■ What the task asks: Nothing but the images should be left out when the entries are restated word for word.

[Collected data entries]
______________________________

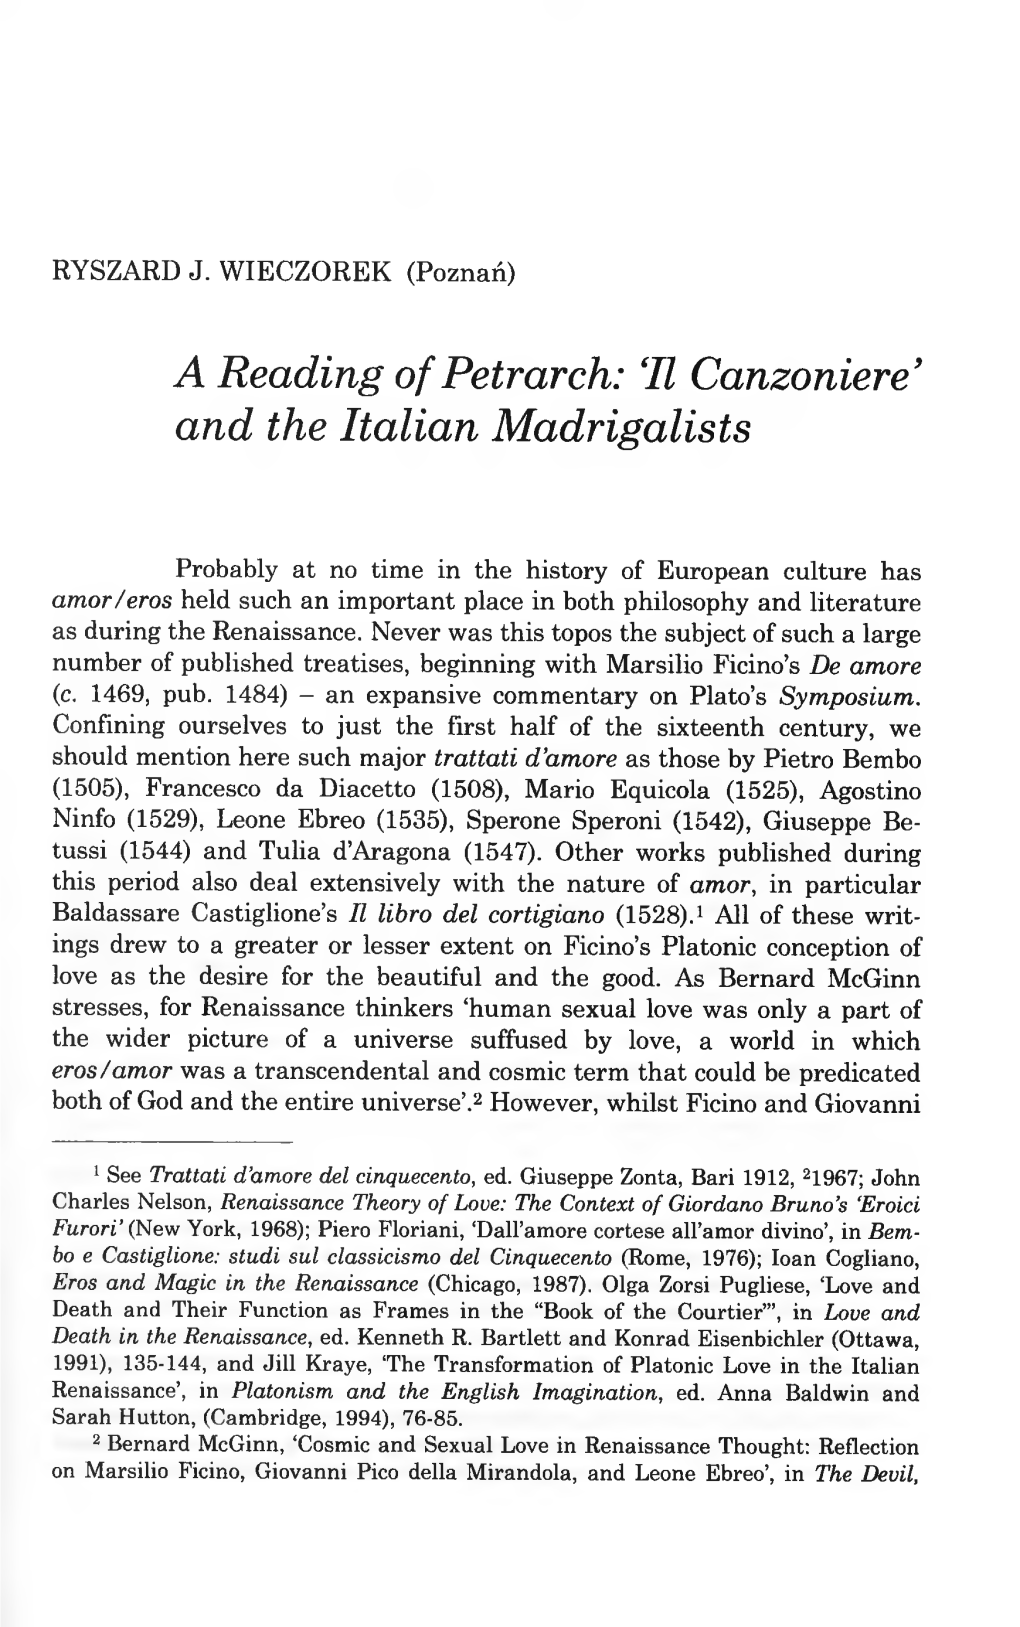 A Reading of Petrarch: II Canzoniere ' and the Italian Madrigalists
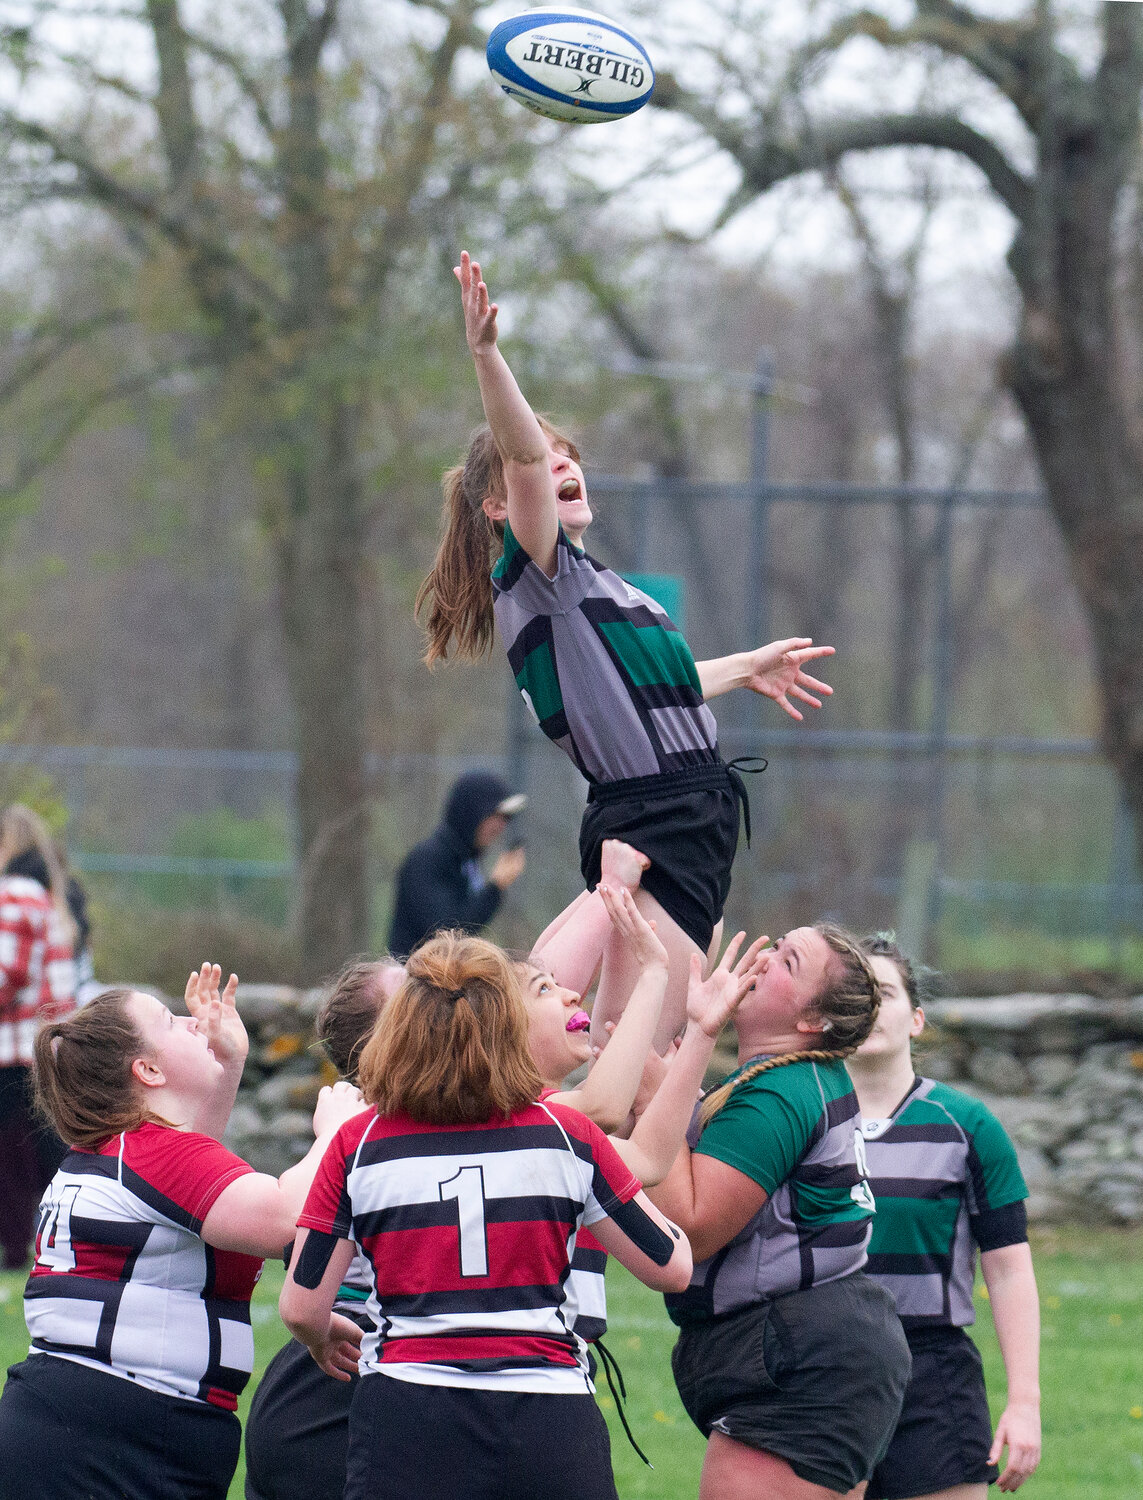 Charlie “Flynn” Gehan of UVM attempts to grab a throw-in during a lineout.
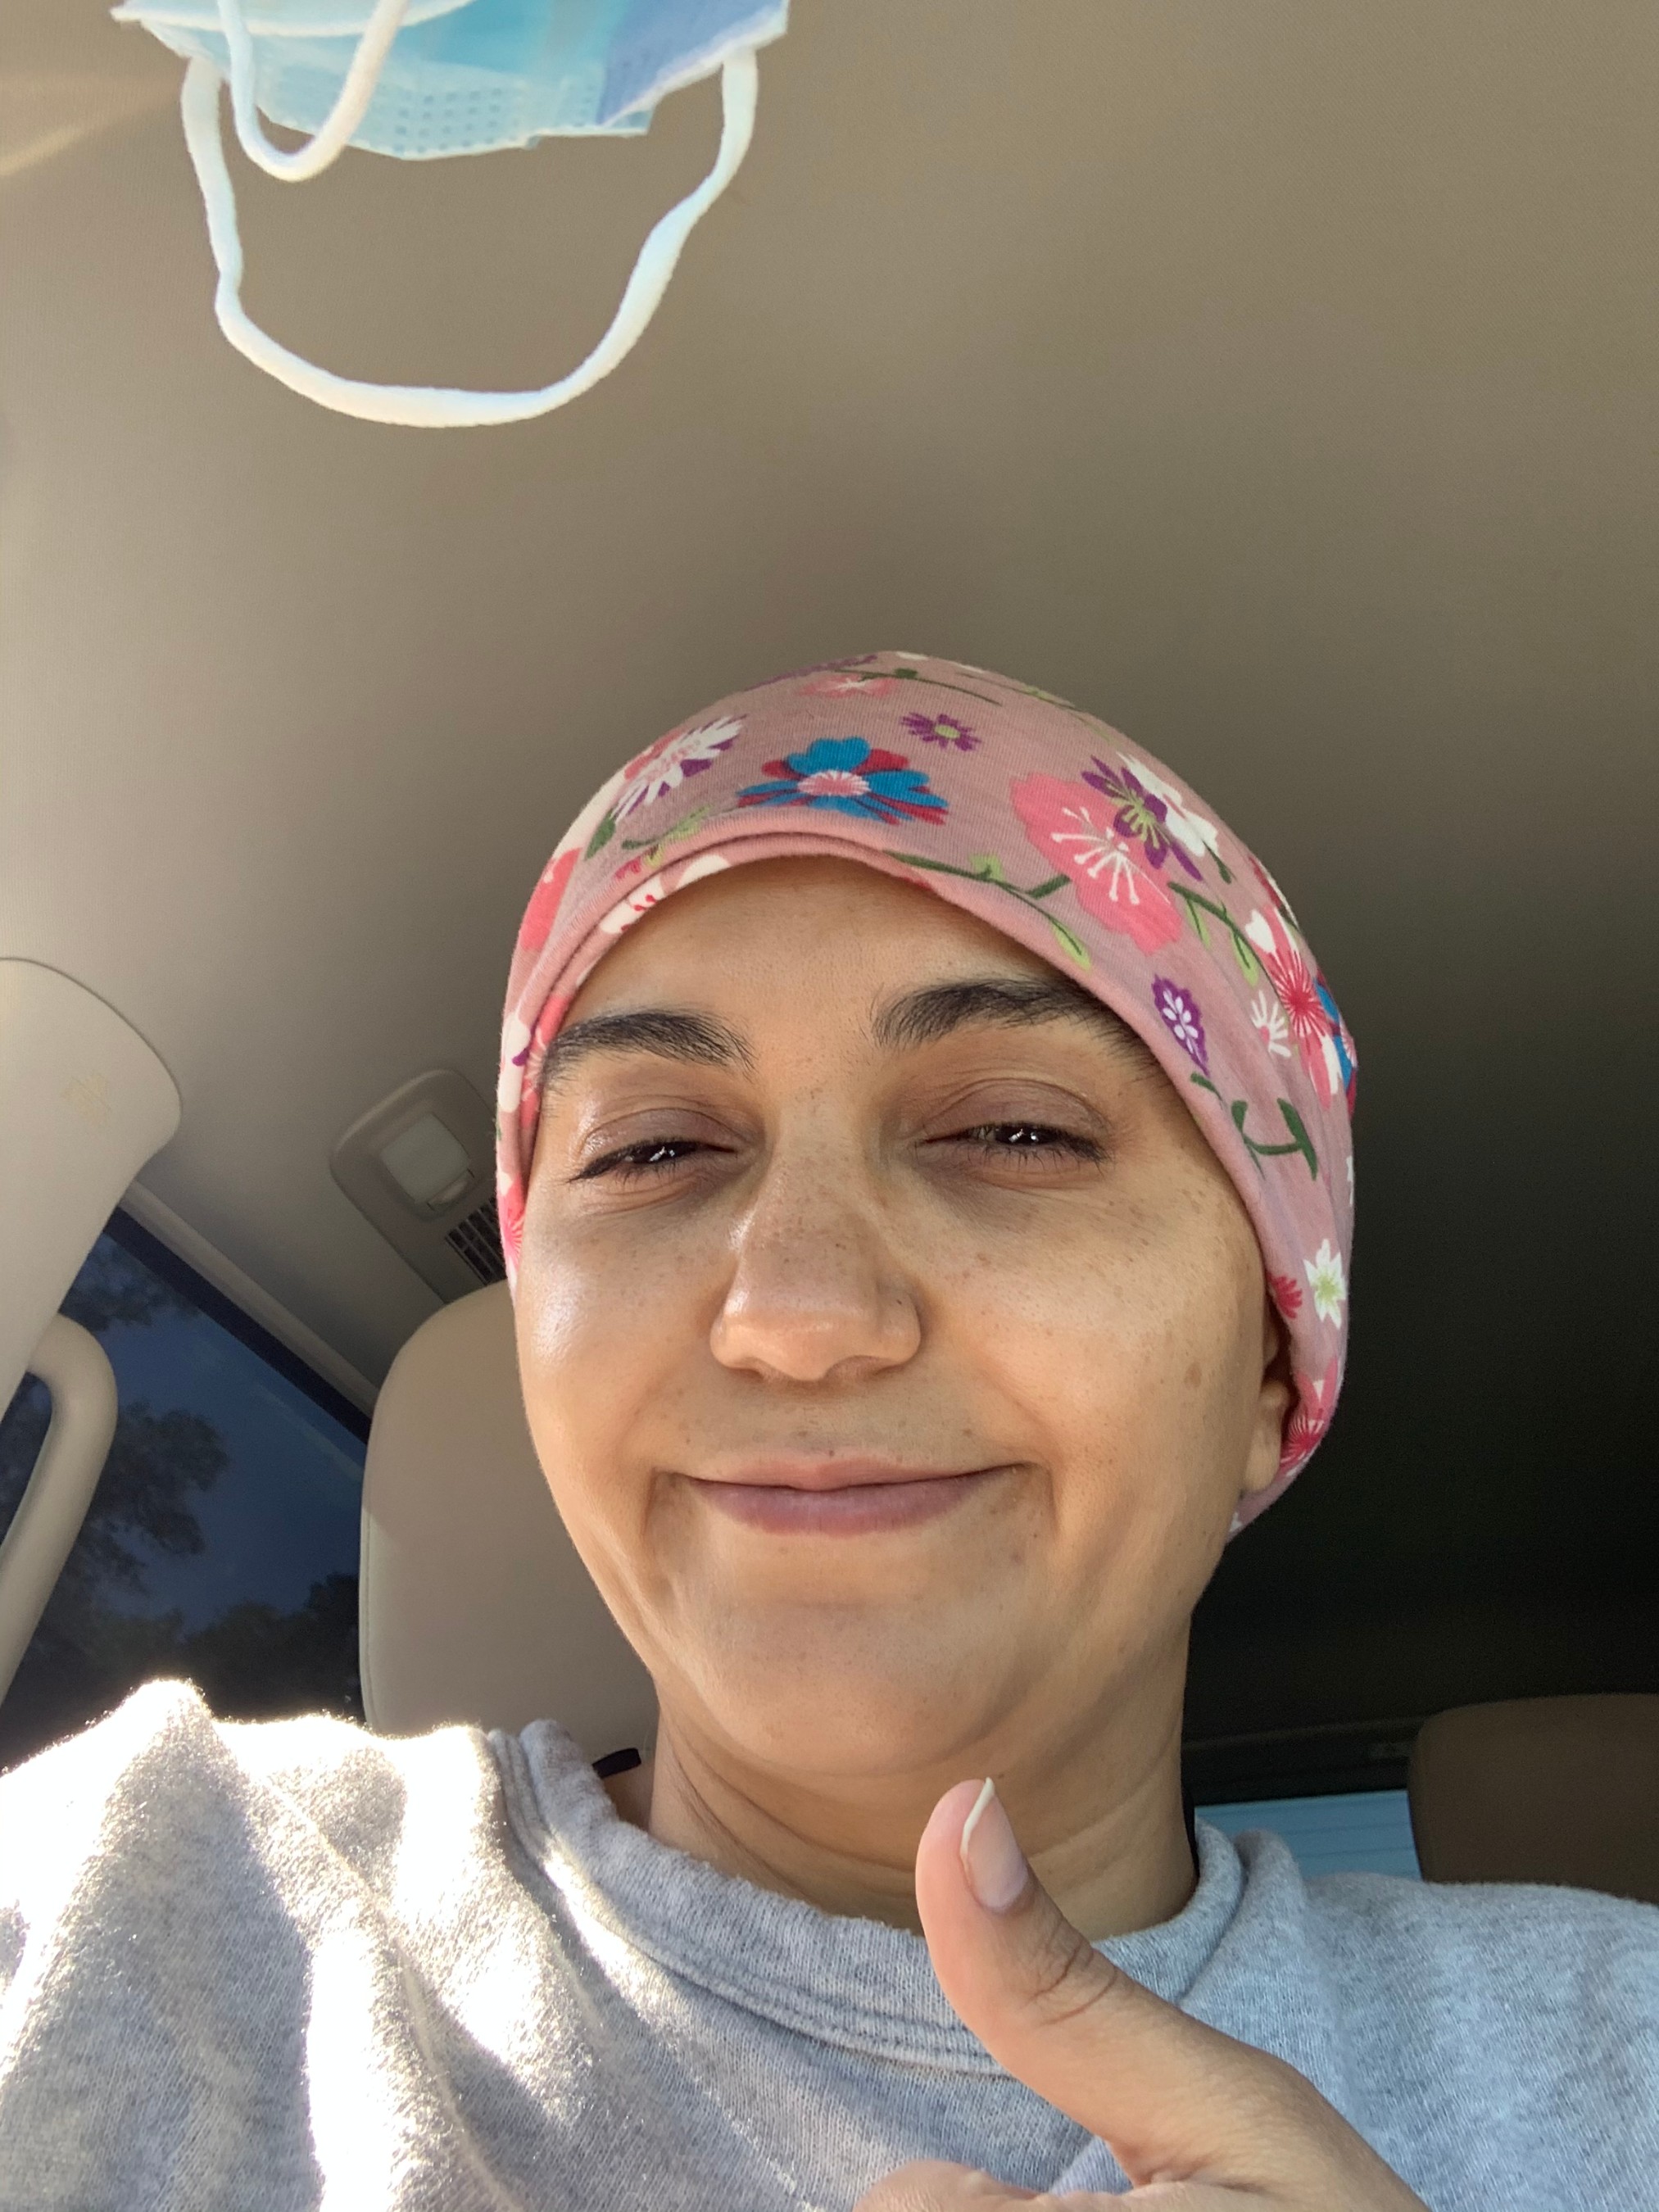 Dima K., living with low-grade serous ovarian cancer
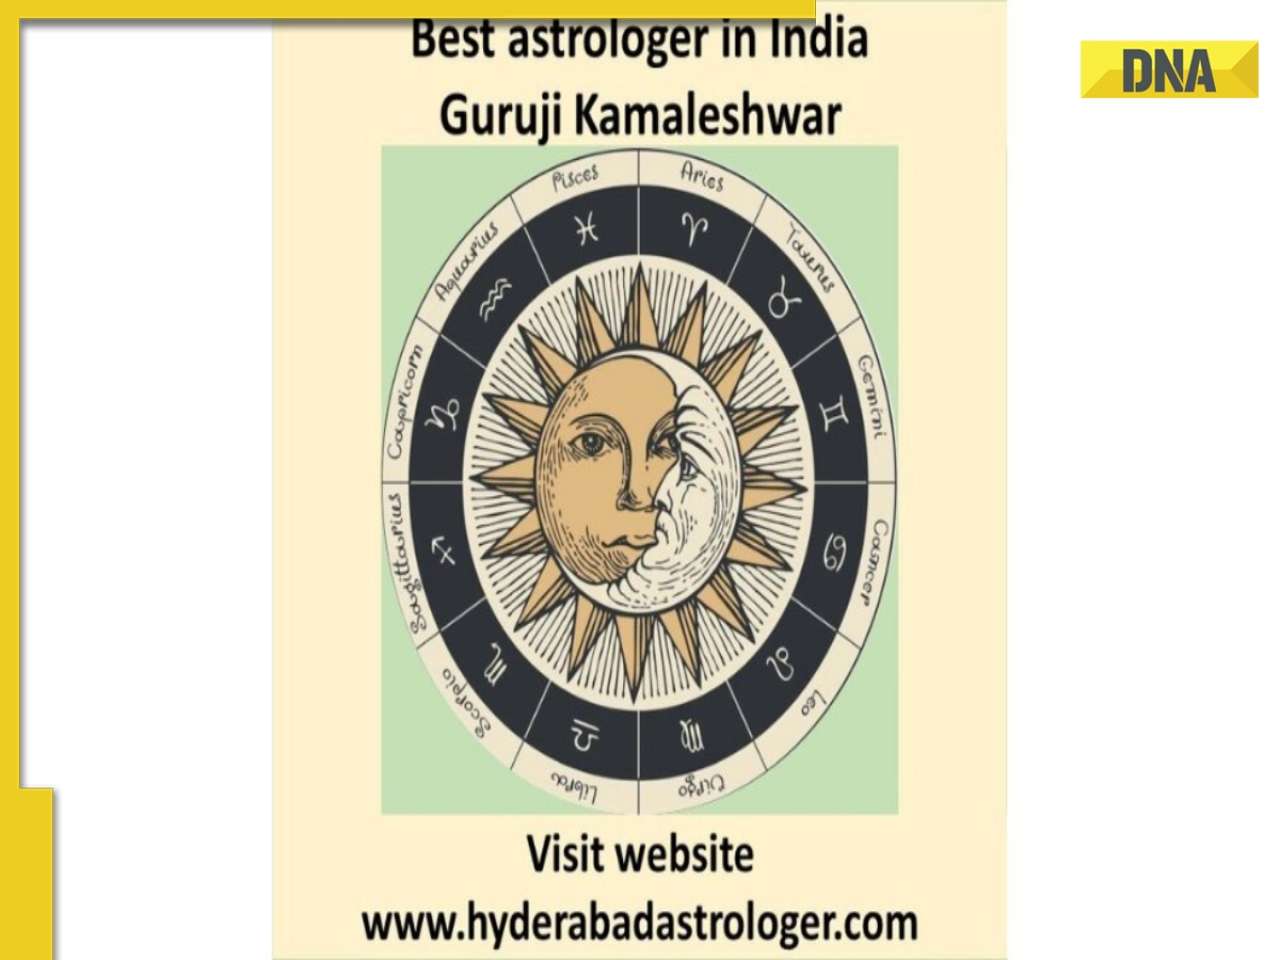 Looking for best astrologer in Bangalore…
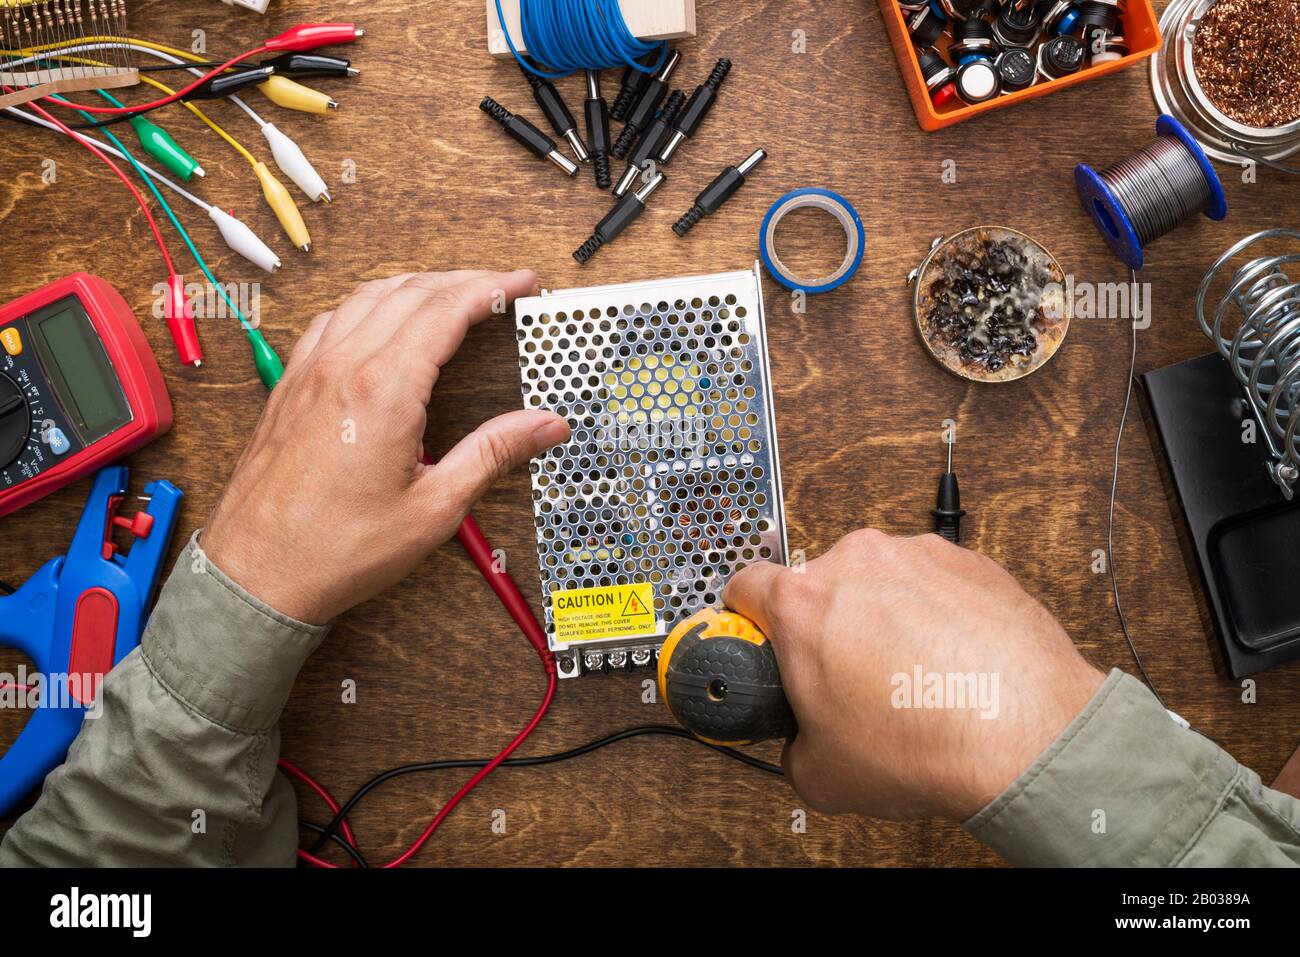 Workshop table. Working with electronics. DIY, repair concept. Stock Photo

______________________________

■ The answer:
 A Reading of Petrarch: II Canzoniere ' and the Italian Madrigalists
 Charlie “Flynn” Gehan of UVM attempts to grab a throw-in during a lineout.
 Dima K., living with low-grade serous ovarian cancer
 Looking for best astrologer in Bangalore…
 Workshop table. Working with electronics. DIY, repair concept. Stock Photo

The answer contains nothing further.